Work item:
Set down the data again word for word. Skip any pictures.

Data shown:
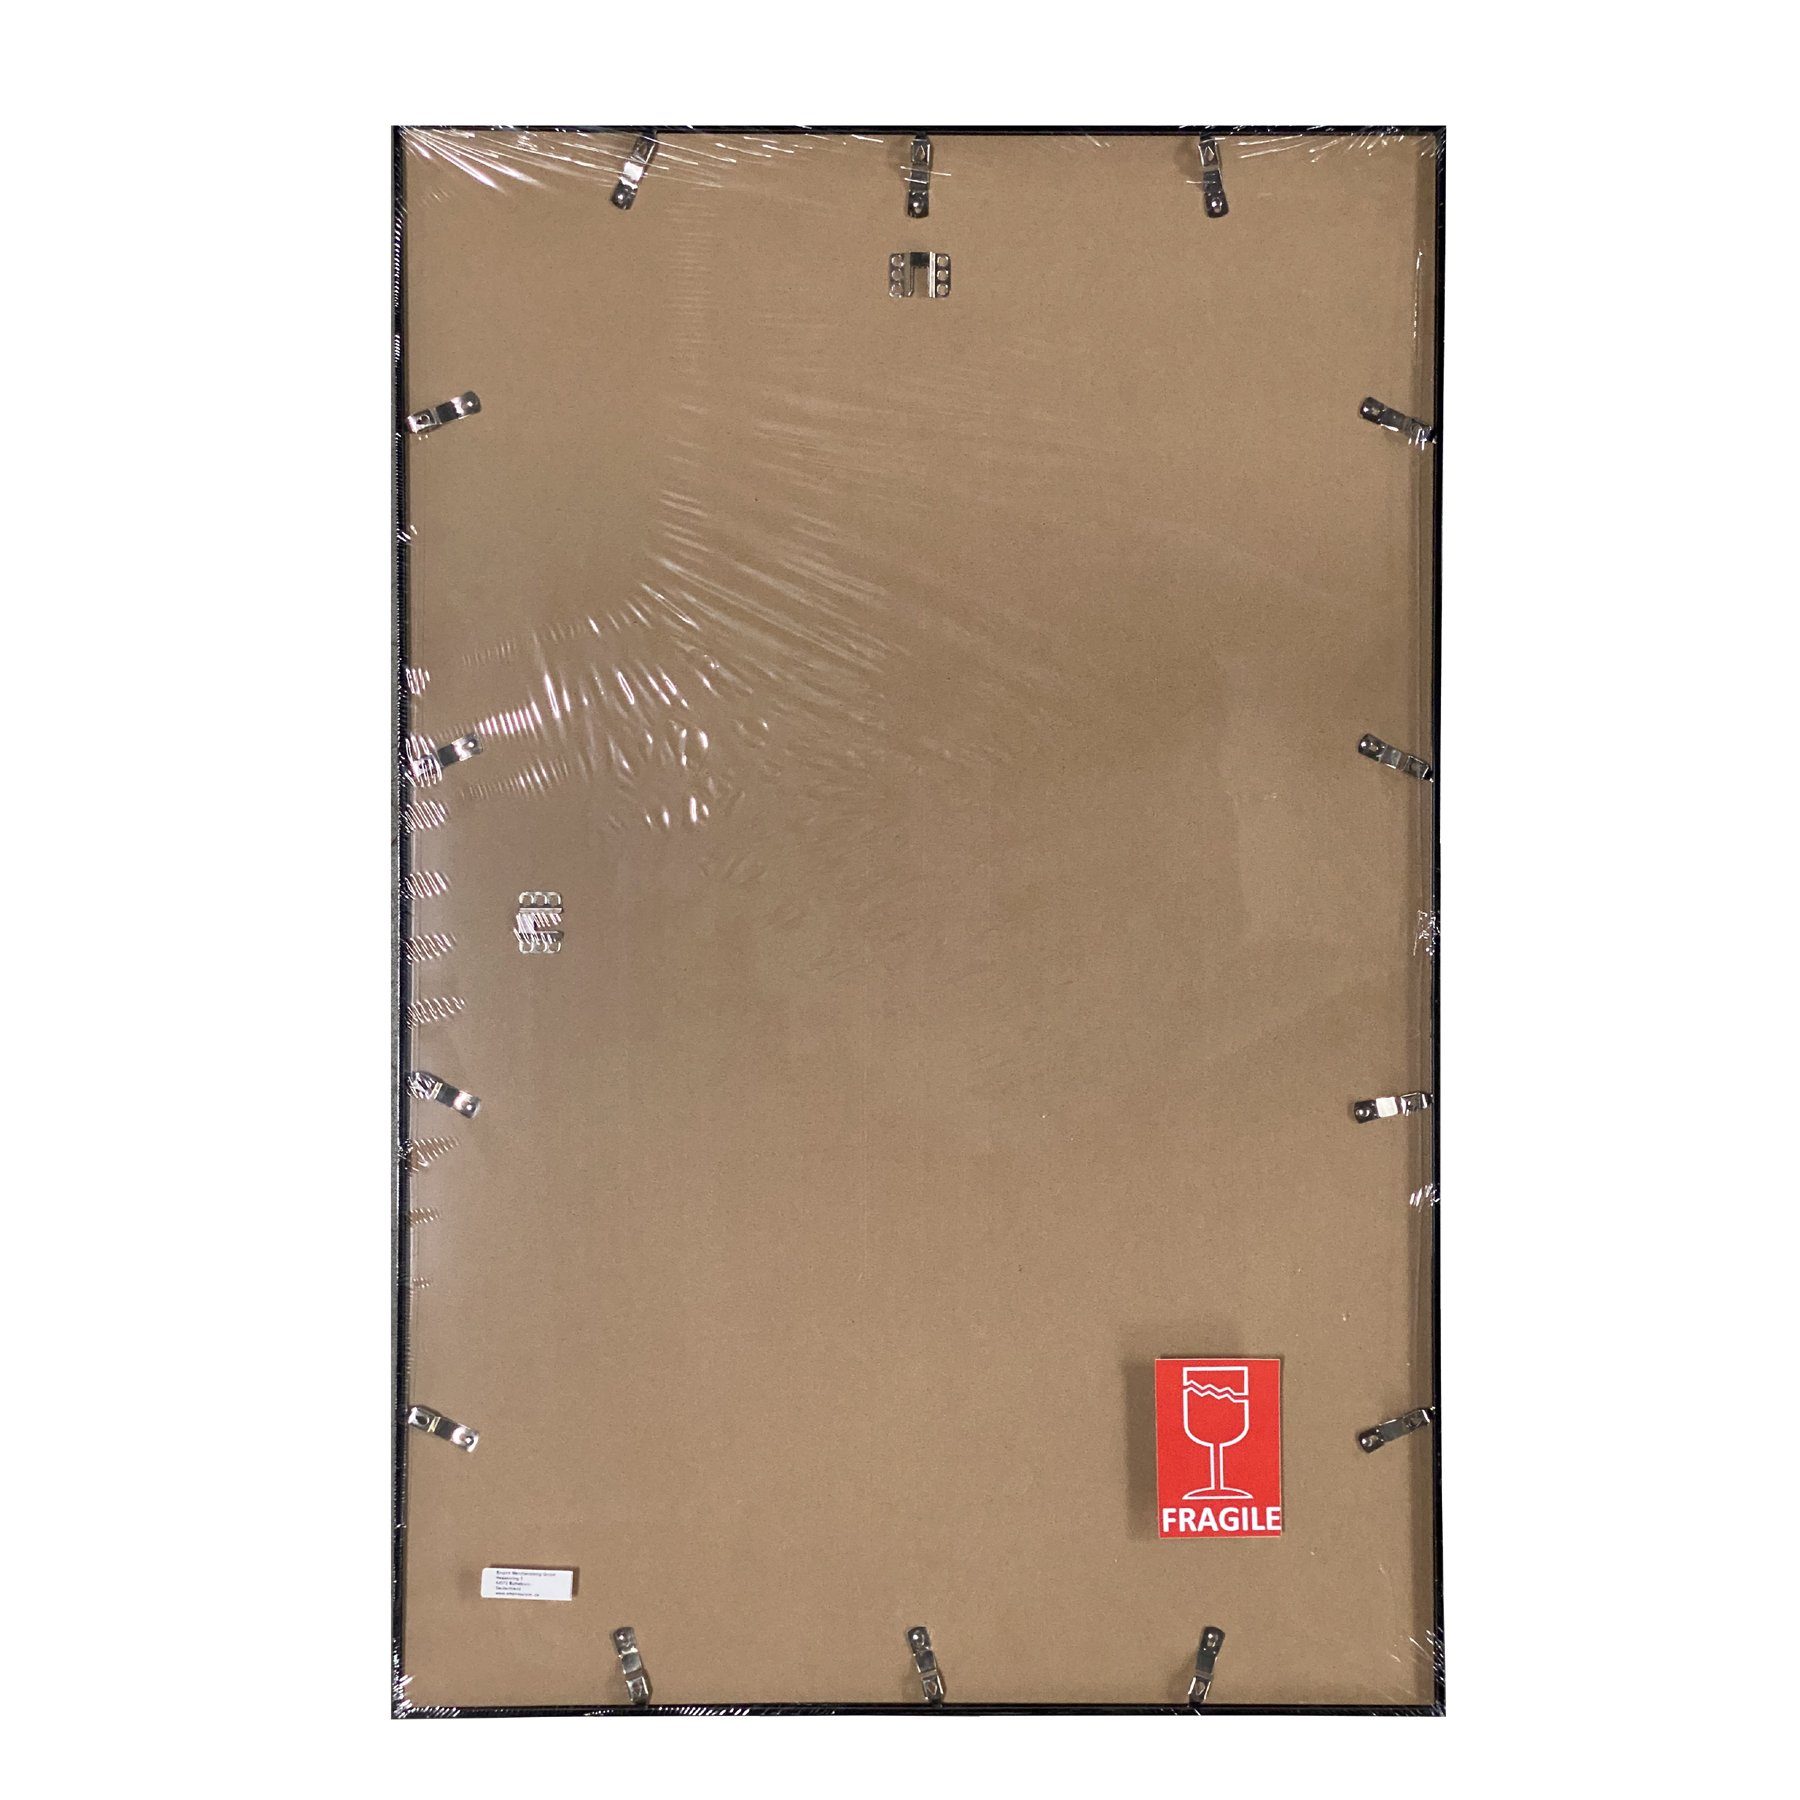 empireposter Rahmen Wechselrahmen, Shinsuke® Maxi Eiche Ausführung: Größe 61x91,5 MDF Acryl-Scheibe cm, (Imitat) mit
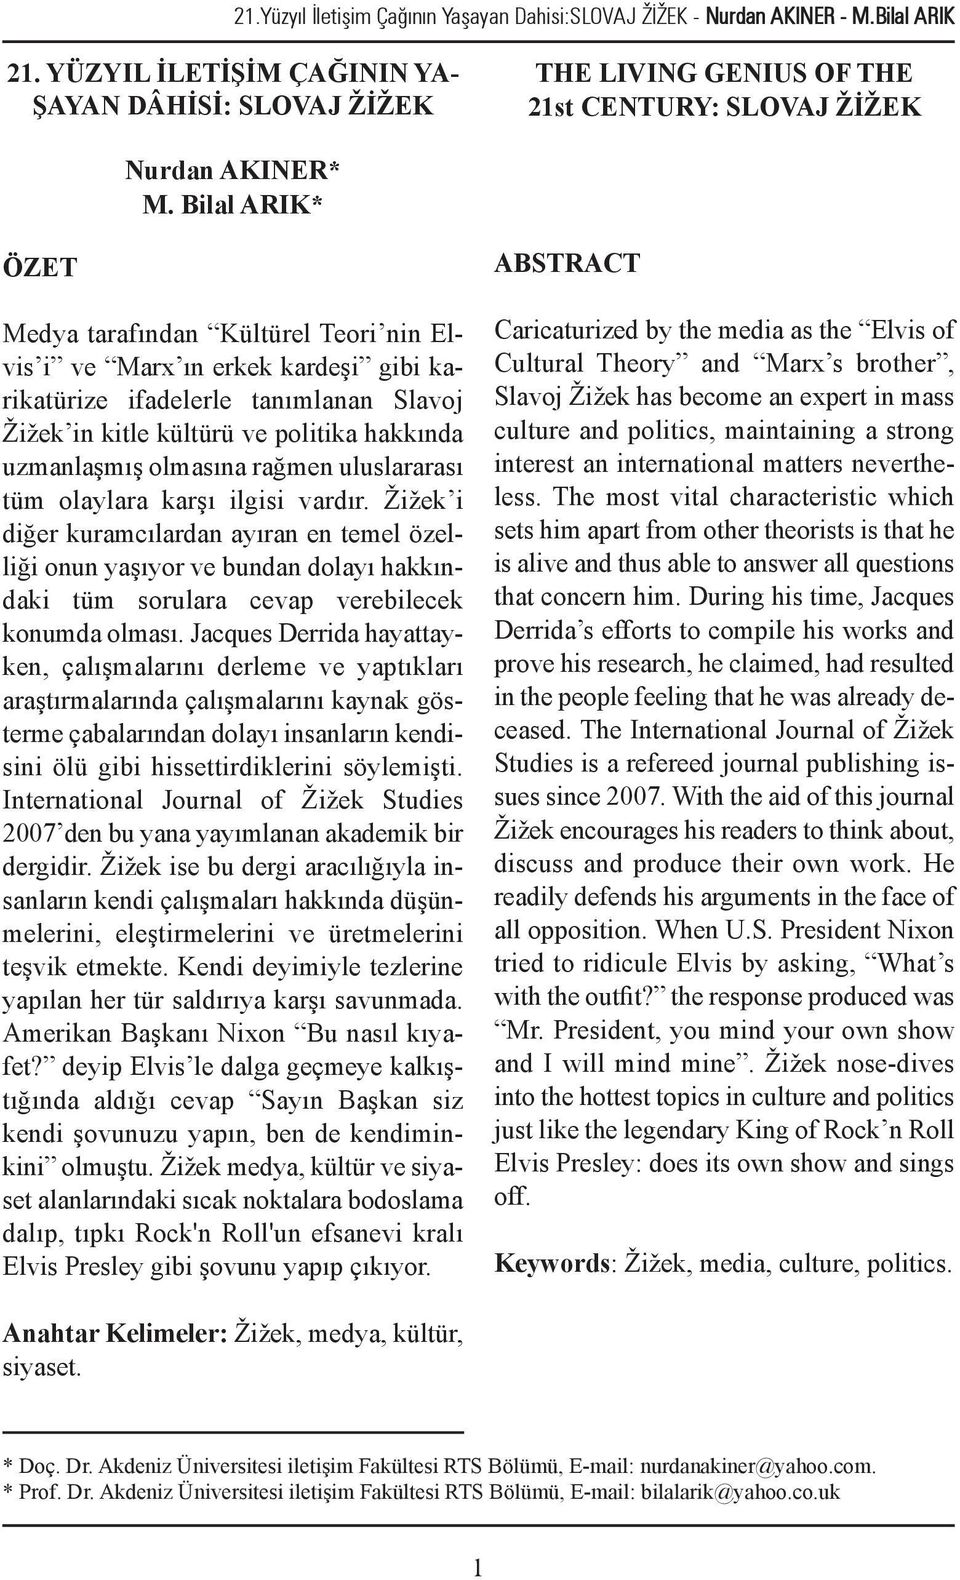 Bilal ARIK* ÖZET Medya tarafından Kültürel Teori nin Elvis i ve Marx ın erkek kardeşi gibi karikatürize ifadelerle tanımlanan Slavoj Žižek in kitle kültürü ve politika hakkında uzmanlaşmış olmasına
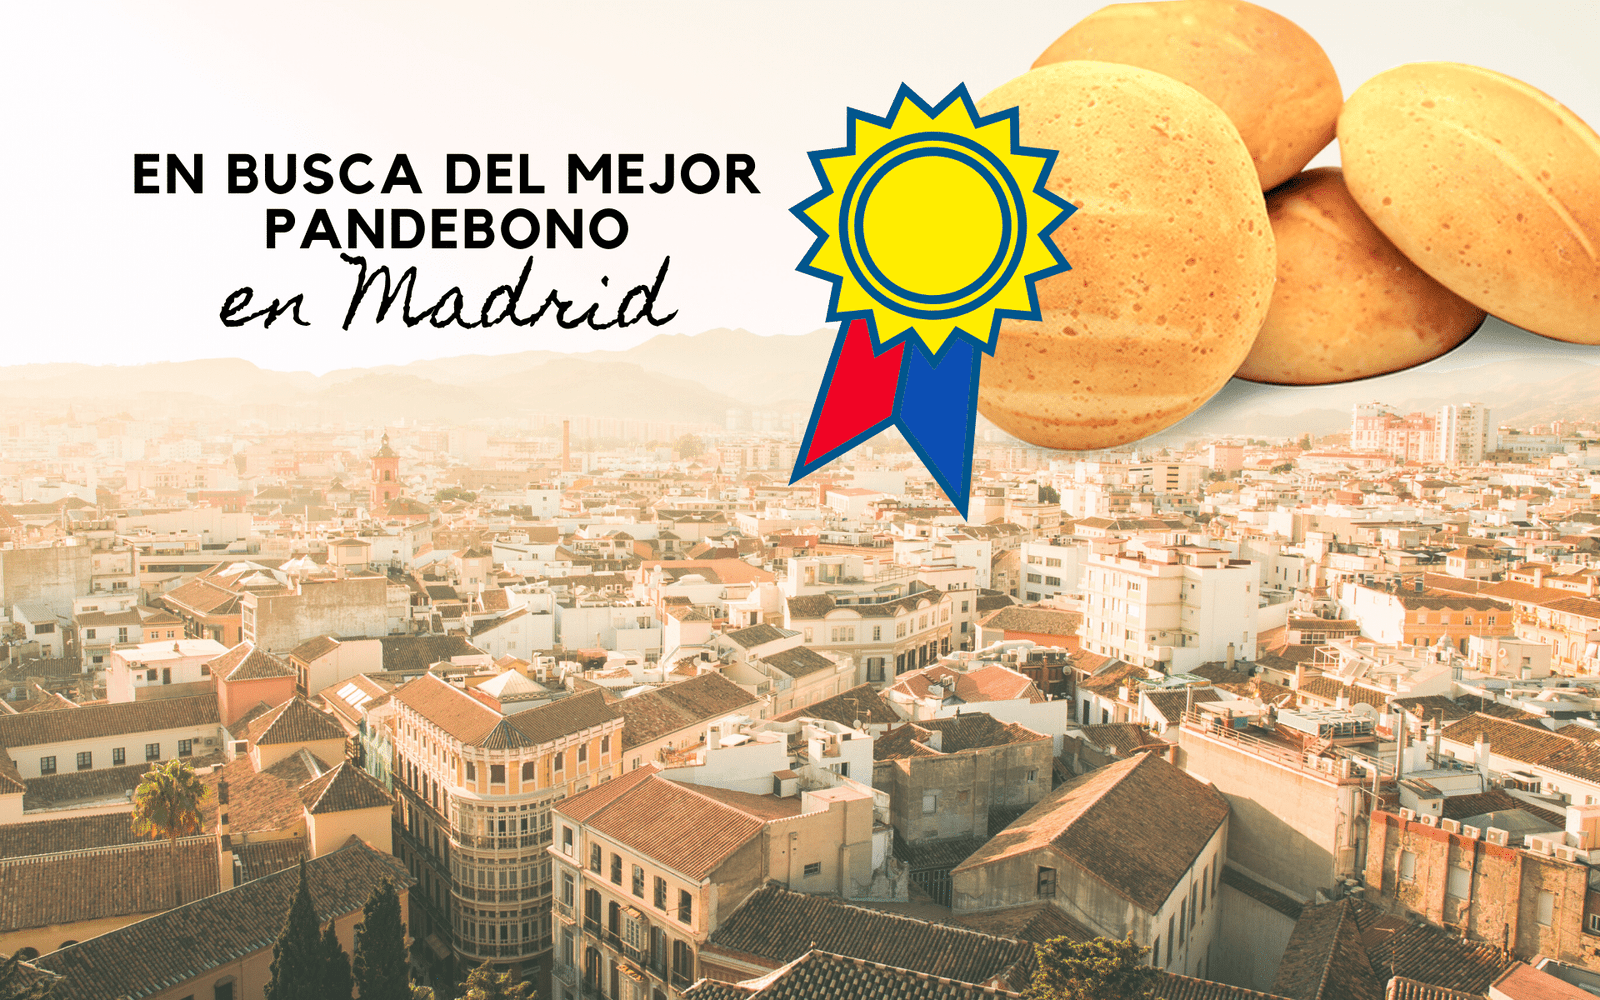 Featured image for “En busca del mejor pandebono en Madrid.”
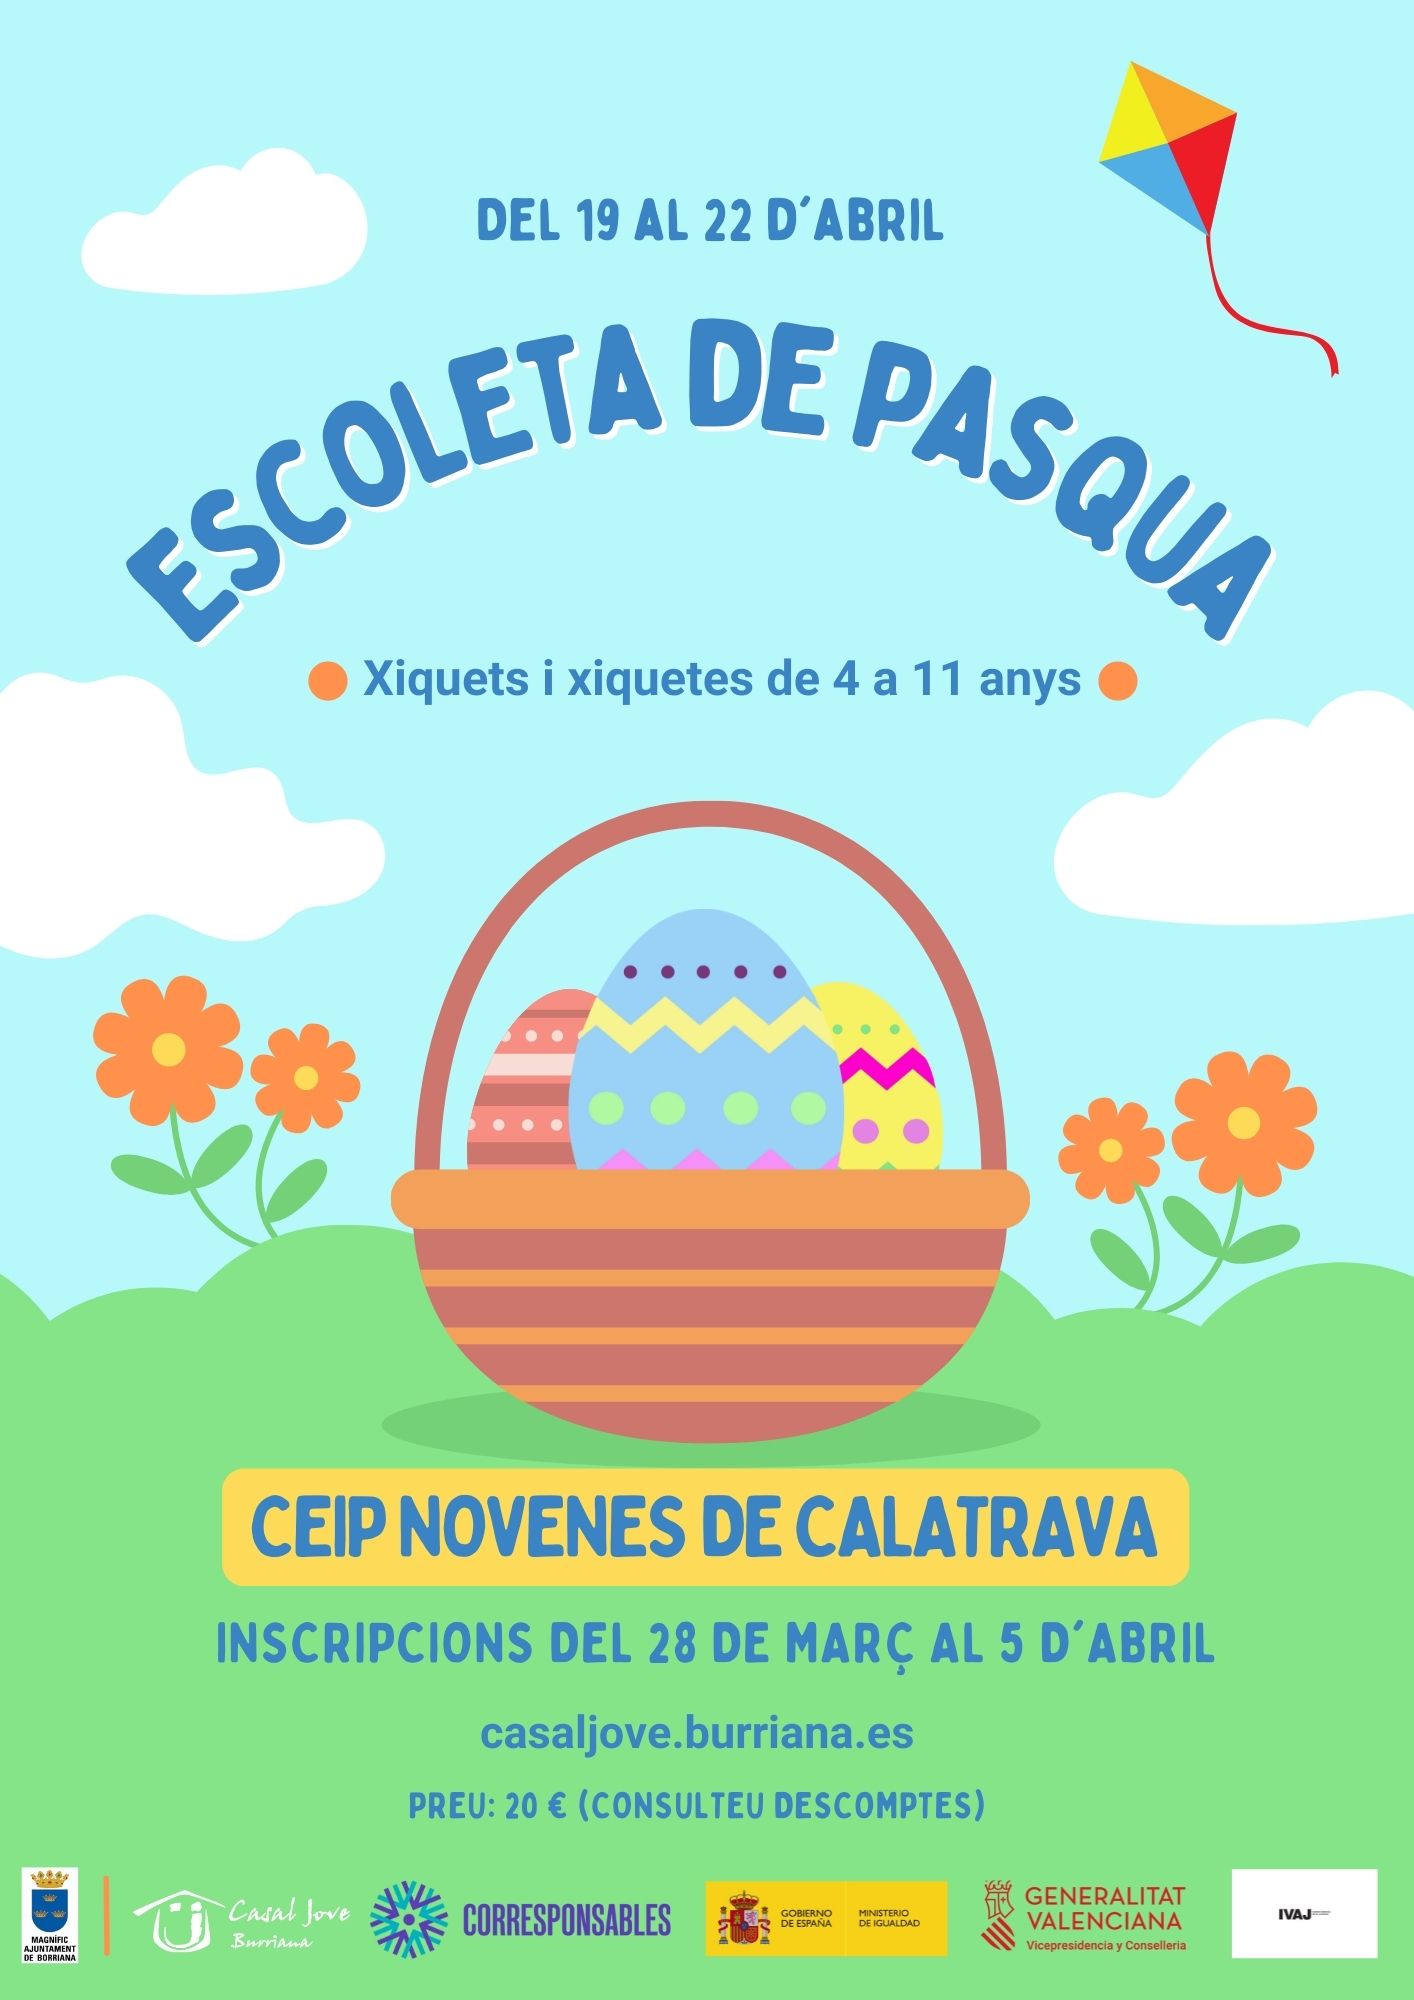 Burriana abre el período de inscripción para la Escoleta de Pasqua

Answer to the exercise:
 empireposter Rahmen Wechselrahmen, Shinsuke® Maxi Eiche Ausführung: Größe 61x91,5 MDF Acryl-Scheibe cm, (Imitat) mit
 Bilal ARIK* ÖZET Medya tarafından Kültürel Teori nin Elvis i ve Marx ın erkek kardeşi gibi karikatürize ifadelerle tanımlanan Slavoj Žižek in kitle kültürü ve politika hakkında uzmanlaşmış olmasına
 Featured image for “En busca del mejor pandebono en Madrid.”
 Burriana abre el período de inscripción para la Escoleta de Pasqua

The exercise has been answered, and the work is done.